Jean-Marie John-Mathews
@svbogdanov Thank you for the support!
Dan Tegzes
Congrats guys, you’ve come quite a long way with this! As a ML engineer I will definitely need this! Kudos to the team for the hard work!
Alex Combessie
@dan_tegzes Thank you very much! Interested in your feedback once you integrate it in your MLOps pipelines.
Magna Ding
Congratulations on the launch. you've indeed journeyed impressively far with this!
Luca Martial
@magnading thanks for the support! We'll keep journeying further and further 🚀
David G Ortega
This is probably one of the most exciting products in the MLOPs space. Ensuring the production quality of your models and reduce your technical debt is for sure a needed step but mostly not implemented by ML teams around the world. Of course, testing an LLM model is definitely a daunting task on top of the pile of work needed to train and deploy your model and Giskard makes it for you! co-author of CML
Luca Martial
@david_g_ortega Thanks for your kind words David! 🙏
Manoj R
Congratulations on the launch team! I'm very curious to know about how giskard detects biases and what is the LLM behind it?
Rabah Abdul Khalek
Thank you @manoj_11! For each model type (tabular, NLP and LLM) we detect biases differently. For LLMs, we have various methods to do it: 1. Generate edge case prompts based on your use case, context, and task and use GPT-4 as a judge to evaluate your LLM's response for hallucination & misinformation. 2. Generate adversarial prompts to try and trick your LLM into generating an output that promotes harmful activities or stereotypes. 3. Inject perturbations and carefully crafted prompts designed to make your model break free from instructions (Injection attacks). 4. Push your LLM to disclose sensitive information and detect if it does. 5. etc. For more details and reference check our documentation: https://docs.giskard.ai/en/lates...
Gadir
2 years to develop an entire product. You guys are very diligent and that’s commendable. This deserves respect, so I will definitely support your product. Congratulations on the launch from the Giskard team
Alex Combessie
@gipetto Thank you! Indeed, this has been a 2-year R&D effort, and we've built it all in the open, for the community! Hope it's valuable for your ML engineering projects.
Taha Zemmouri
Awesome product, awesome team! Congrats for the launch :)
Luca Martial
@tezzed thank you for your support throughout! 🙏 Looking forward to building integrations together! ⚒️
Maxime Cerisier
Terrific product for anyone working with ML models and LLMs!

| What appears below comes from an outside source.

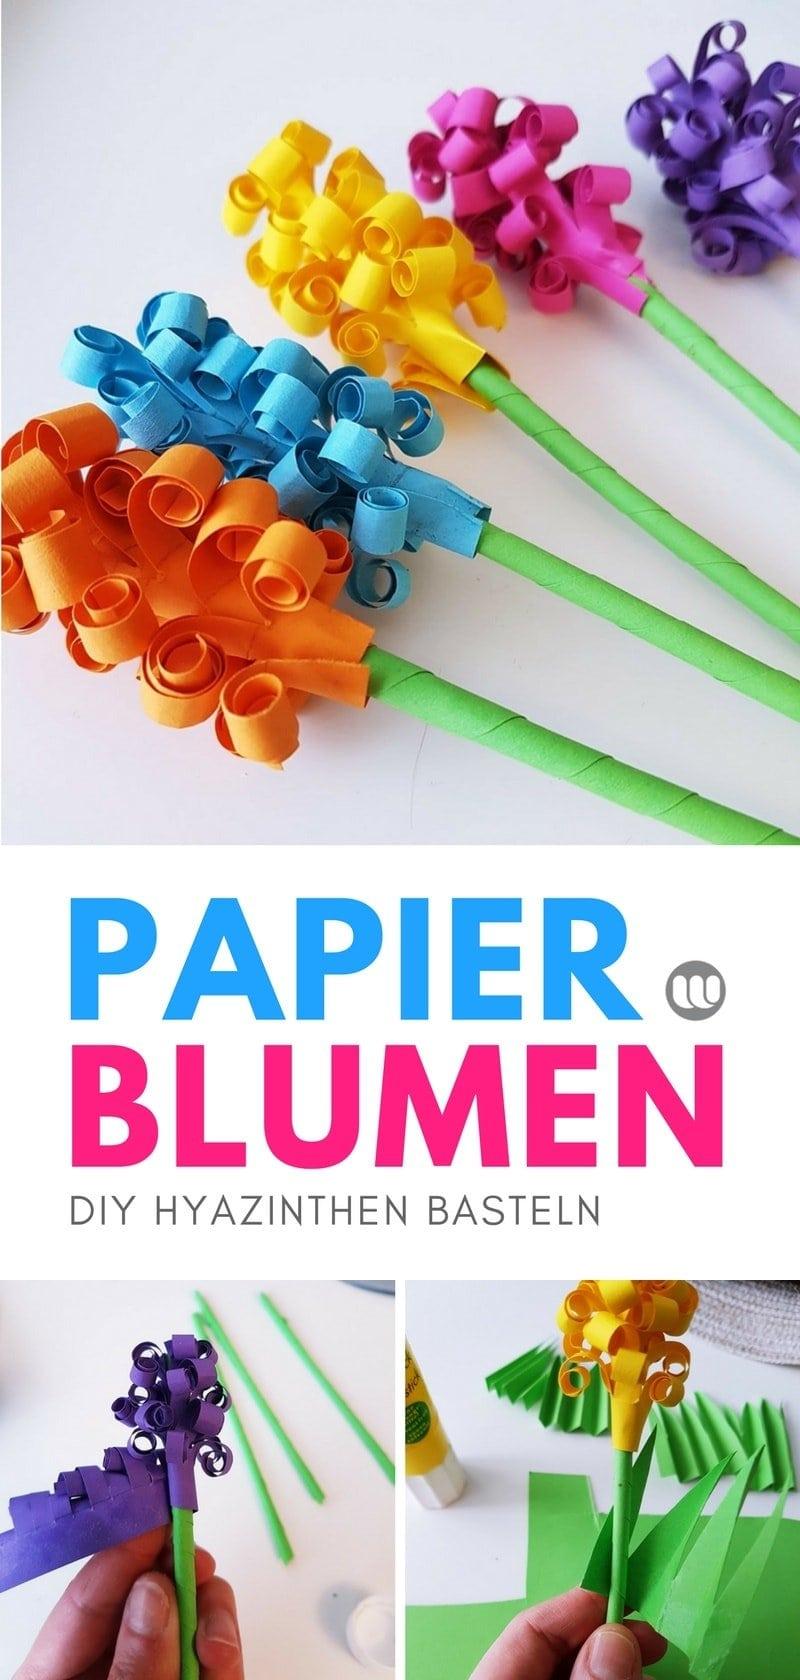 Hyazinthen Blumen aus Papier basteln: DIY Papierblumen für den Frühling selber machen

Congrats on the launch team!
Jean-Marie John-Mathews
@maxcsr Thank you for your support 🙏!
Mathieu Seguy
Congrats team ! Giskard is really impressive and a real game changer in ML world!
Jean-Marie John-Mathews
@mathieu_seguy Thank you for your support 🙏!
Valentin Huang
Huge contribution to the AI space, congrats @a1x and the Giskard team 👏👏
Jean-Marie John-Mathews
@vhuang Thank you for your support 🙏!
Jeremy Attuil
😃🔥 wow! Congrats.
Jean-Marie John-Mathews
@jeremy_attuil2 Thank you for your support 🙏!